### RECORDS FOR PROCESSING

+ + + + + + +

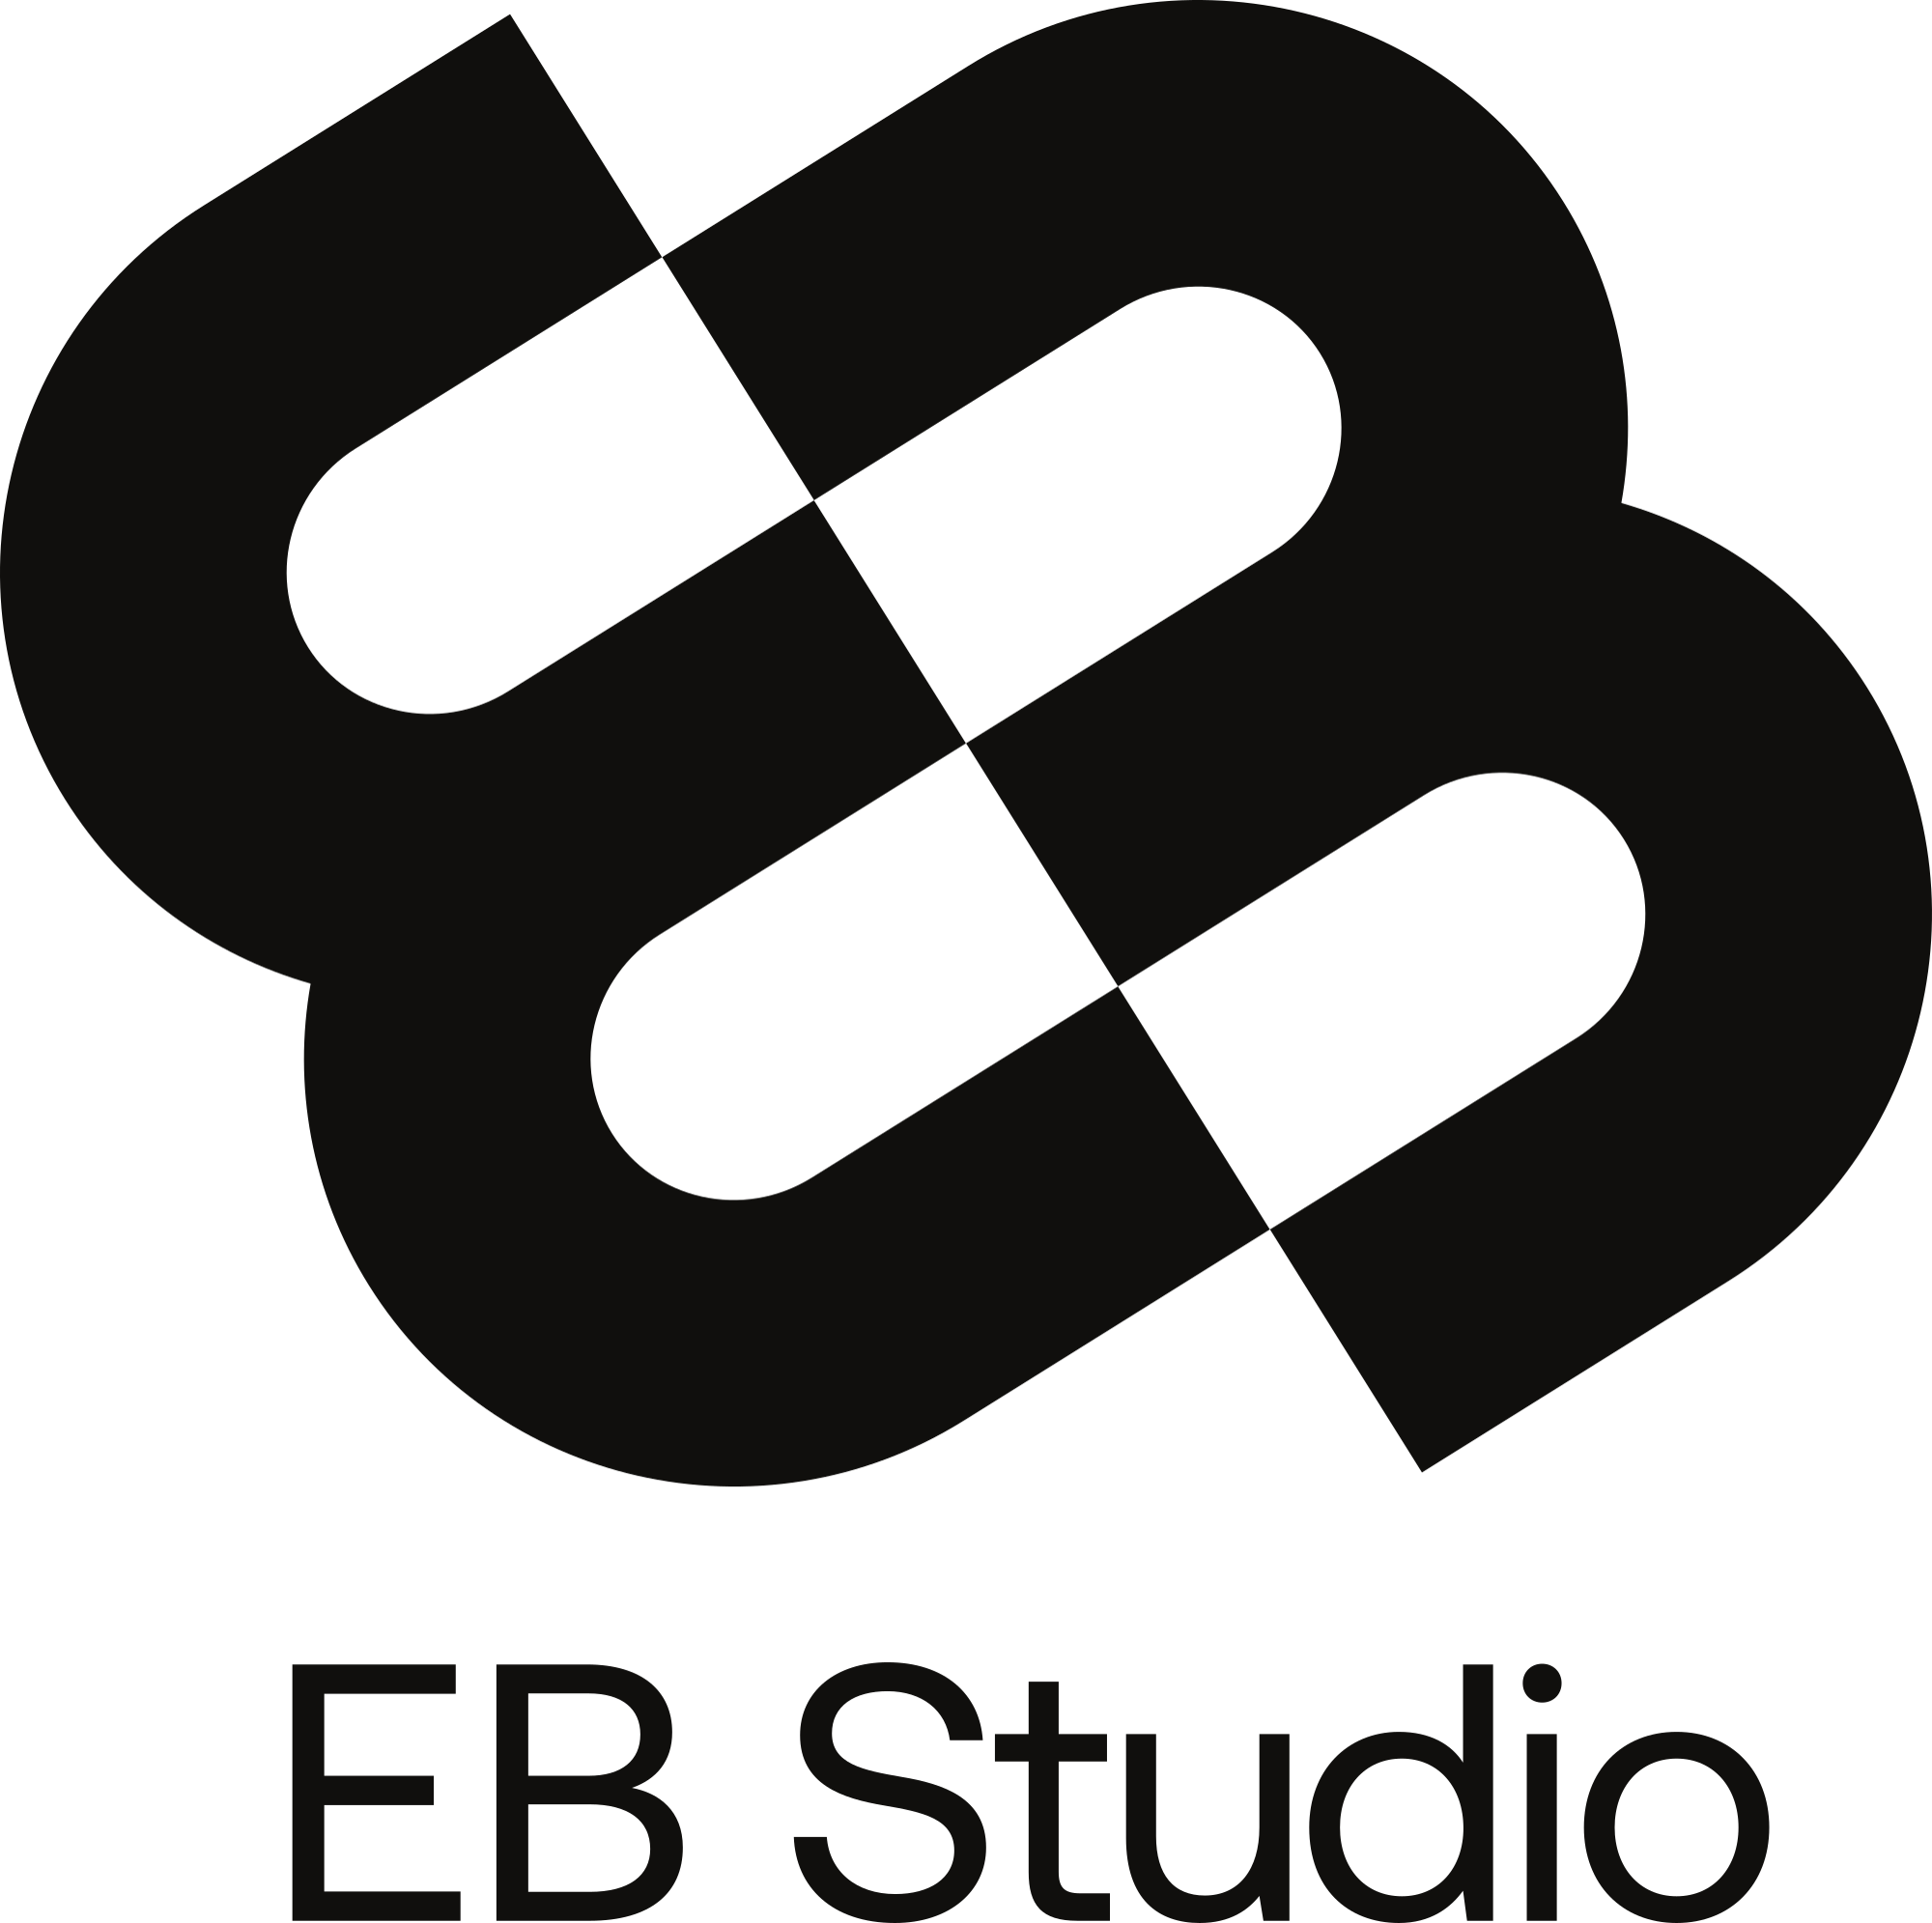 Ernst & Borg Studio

+ + + + + + +

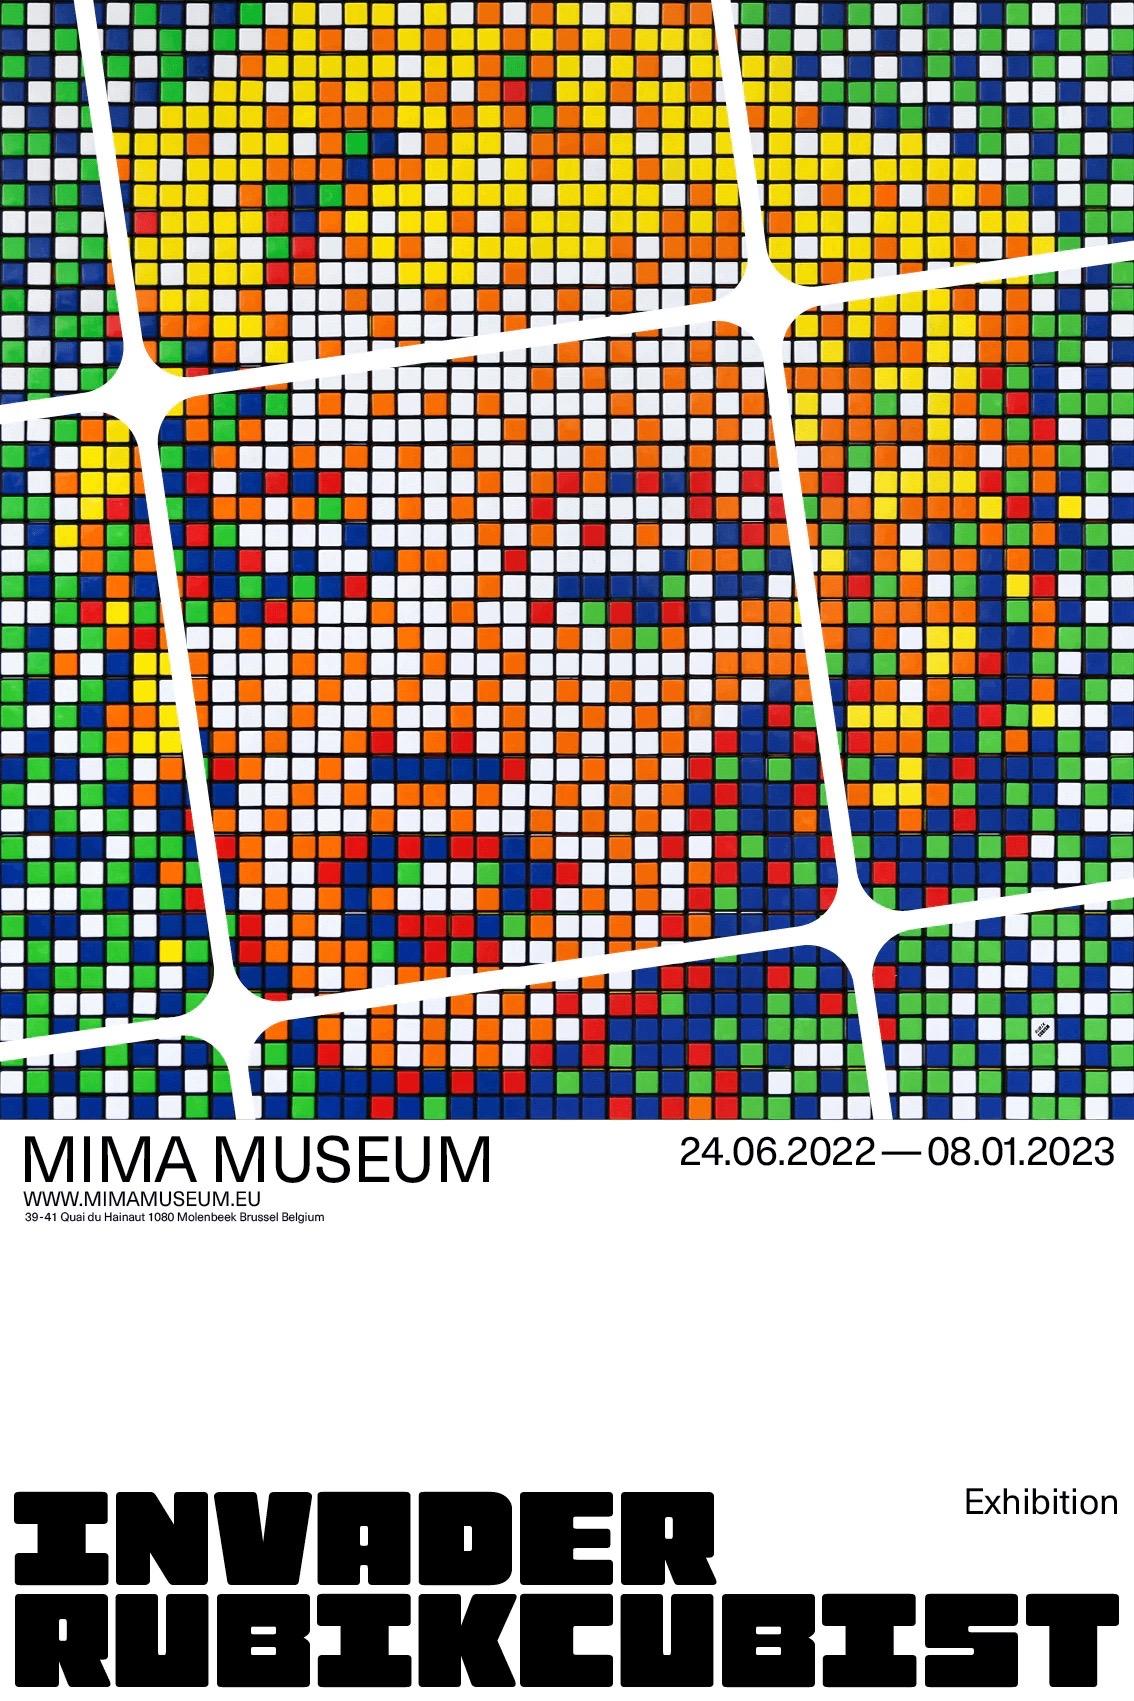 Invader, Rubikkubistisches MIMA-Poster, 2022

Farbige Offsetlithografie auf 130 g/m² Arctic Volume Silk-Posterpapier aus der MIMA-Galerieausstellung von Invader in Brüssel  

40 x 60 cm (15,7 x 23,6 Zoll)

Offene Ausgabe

+ + + + + + +

### EXERCISE
Look above for the line with "Invader, Rubikkubistisches MIMA-Poster, 2022" and the line with "Offene Ausgabe", then restate exactly those two lines and all lines between them, with no pictures.

### RESPONSE TO THIS EXERCISE
 Invader, Rubikkubistisches MIMA-Poster, 2022

Farbige Offsetlithografie auf 130 g/m² Arctic Volume Silk-Posterpapier aus der MIMA-Galerieausstellung von Invader in Brüssel  

40 x 60 cm (15,7 x 23,6 Zoll)

Offene Ausgabe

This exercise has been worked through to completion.